Eine wissenschaftliche Disziplin kann gekennzeichnet werden durch ihr Erkenntnisobjekt, ihre Erkenntnisziele und Forschungsmethoden. Wissenschaftliche Erkenntnis (Wissen) bezieht sich auf das Erkenntnisobjekt. Das Erkenntnisobjekt zielt darauf ab, für bestimmte praktische und theoretische Fragestellungen Regelmäßigkeiten zu finden (in der Wissenschaftstheorie Invarianzen genannt) sowie möglichst Ursache-Wirkungsbeziehungen zu ermitteln, die sich zu Gesetzmäßigkeiten weiterentwickeln lassen.[4] Die Abgrenzung der Erkenntnisobjekte gegeneinander bereitet manchmal jedoch Schwierigkeiten, so dass es zu Überschneidungen kommen kann.

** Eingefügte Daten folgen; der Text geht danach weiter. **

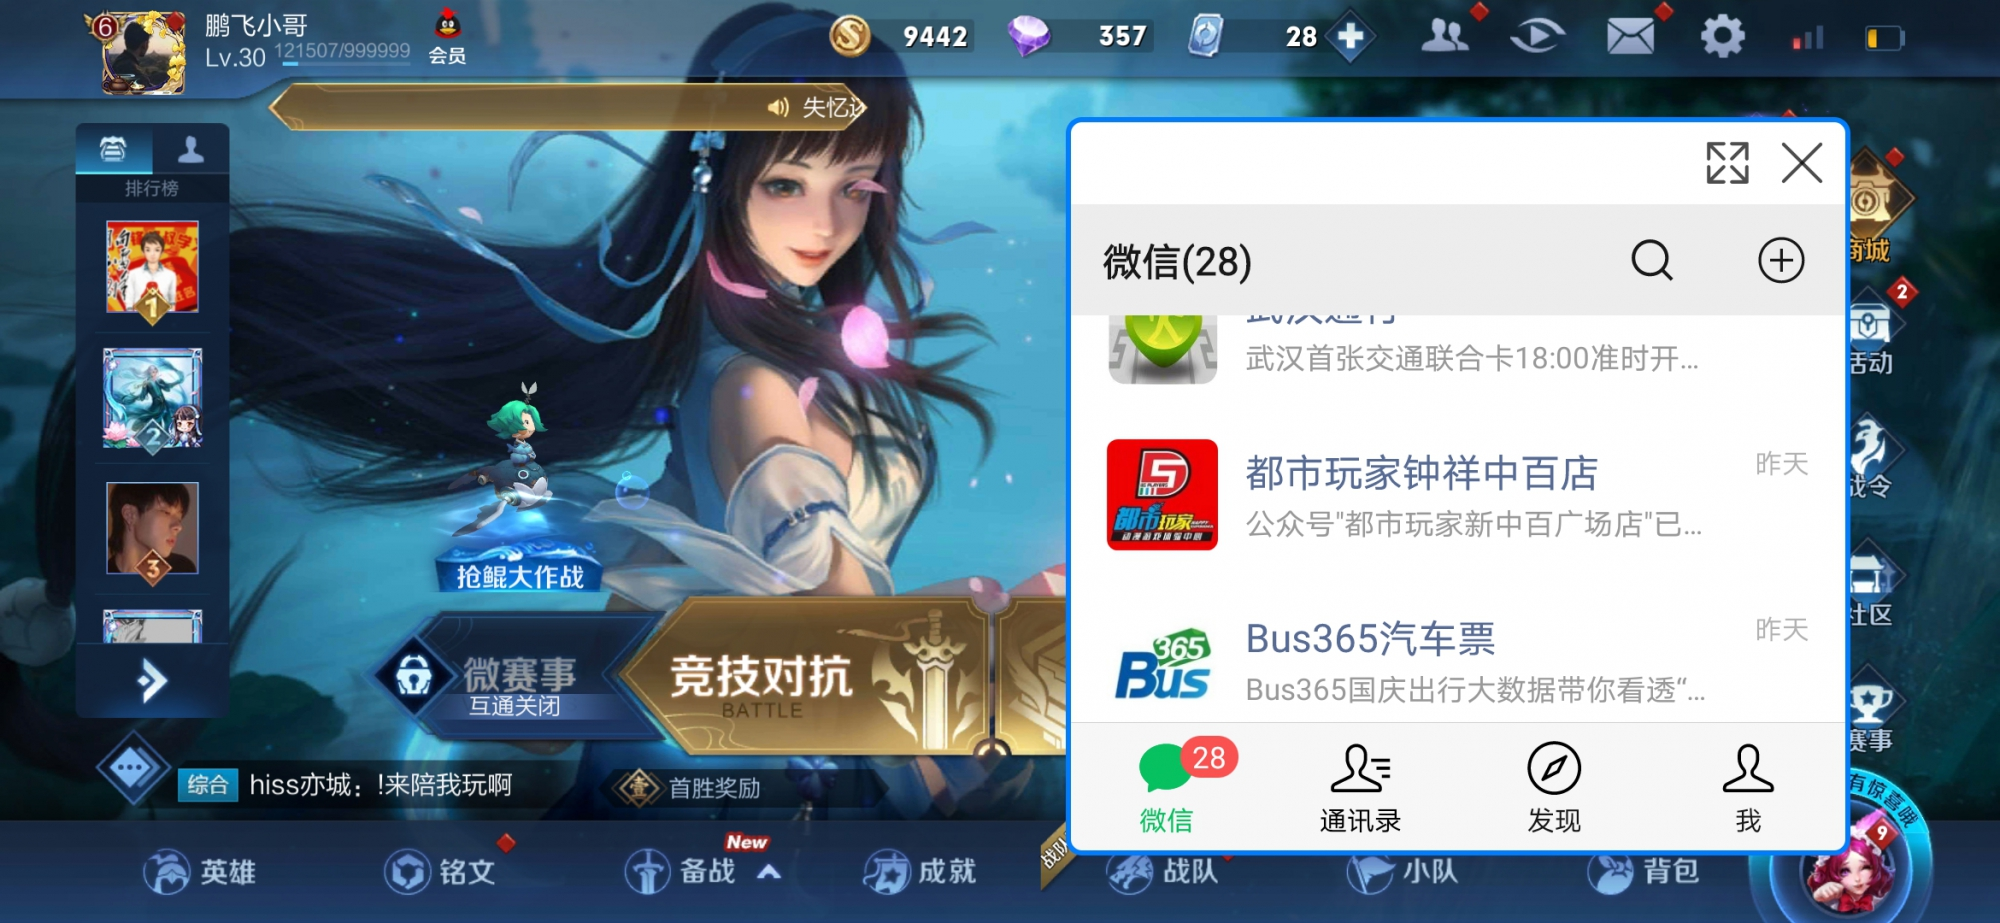 Screenshot_20191012_144955_com.tencent.mm.jpg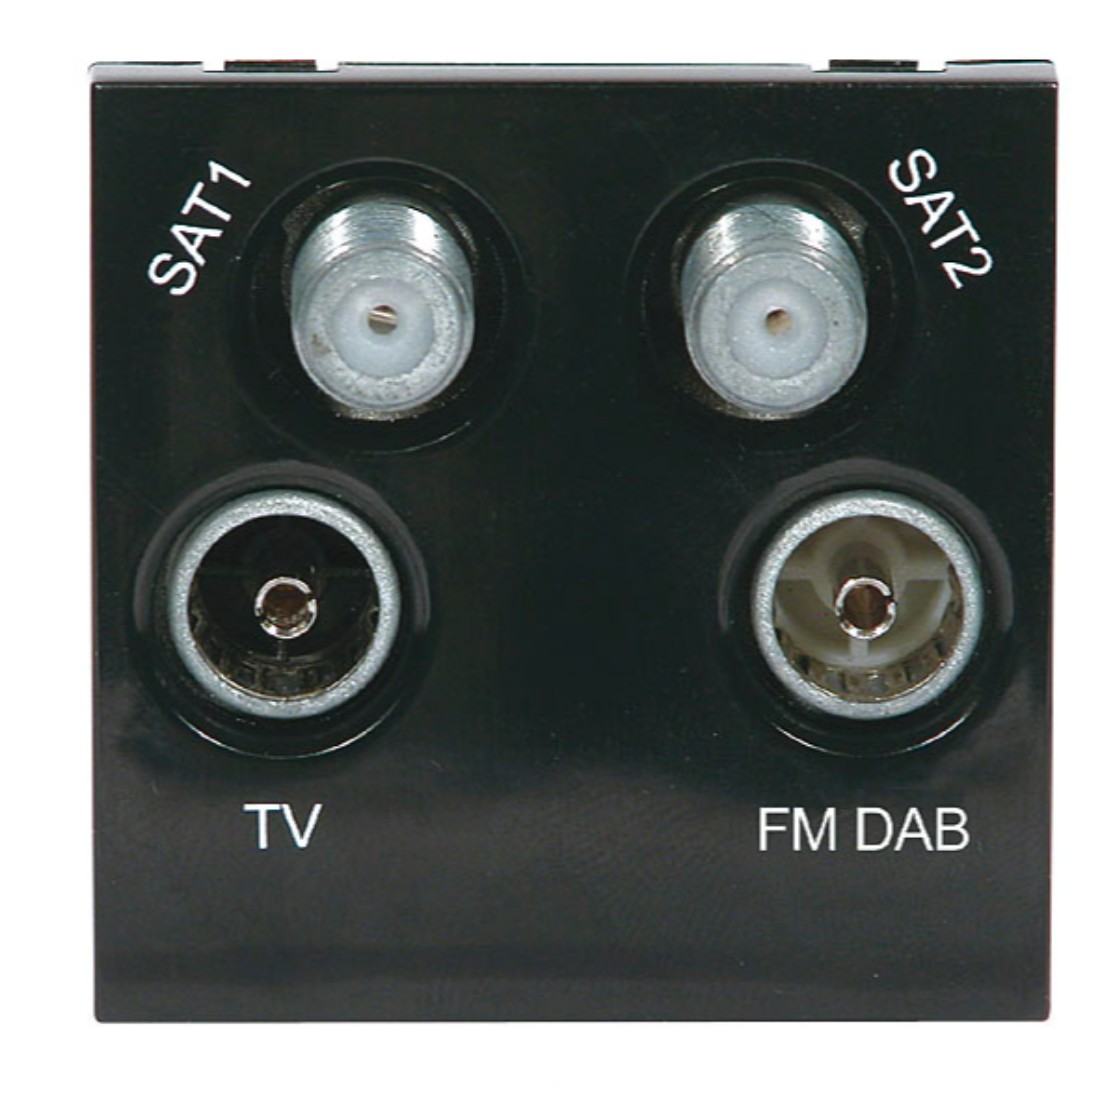 screened quadplexed outlet module 50 x 50mm black labgear rh labgear co uk 2007 Heritage Classic Wiring Diagram Badlands Wiring -Diagram

So ist beispielsweise der Betrieb das Erfahrungsobjekt der Betriebswirtschaftslehre,[5] die von ihm ihren Namen erhielt. Der Betrieb ist jedoch ein komplexer Untersuchungsgegenstand, so dass sich die Betriebswirtschaftslehre lediglich auf das Wirtschaften im Betrieb konzentriert, während andere betriebliche Aspekte (Betriebspsychologie, Industrie- und Betriebssoziologie) anderen wissenschaftlichen Disziplinen überlassen werden. Damit ist das Wirtschaften im Betrieb das Erkenntnisobjekt der Betriebswirtschaftslehre. Erkenntnisobjekt der Finanzwissenschaft ist die Finanzierung der öffentlichen Haushalte durch Steuern sowie die Wirkung von Steuern auf die Volkswirtschaft. Die übergeordnete Volkswirtschaftslehre wiederum untersucht als Erkenntnisobjekt die gesamtwirtschaftlichen Prozesse, also die Verflechtungen zwischen den aggregierten Sektoren Unternehmen, Haushalte, Staat und Ausland.[6]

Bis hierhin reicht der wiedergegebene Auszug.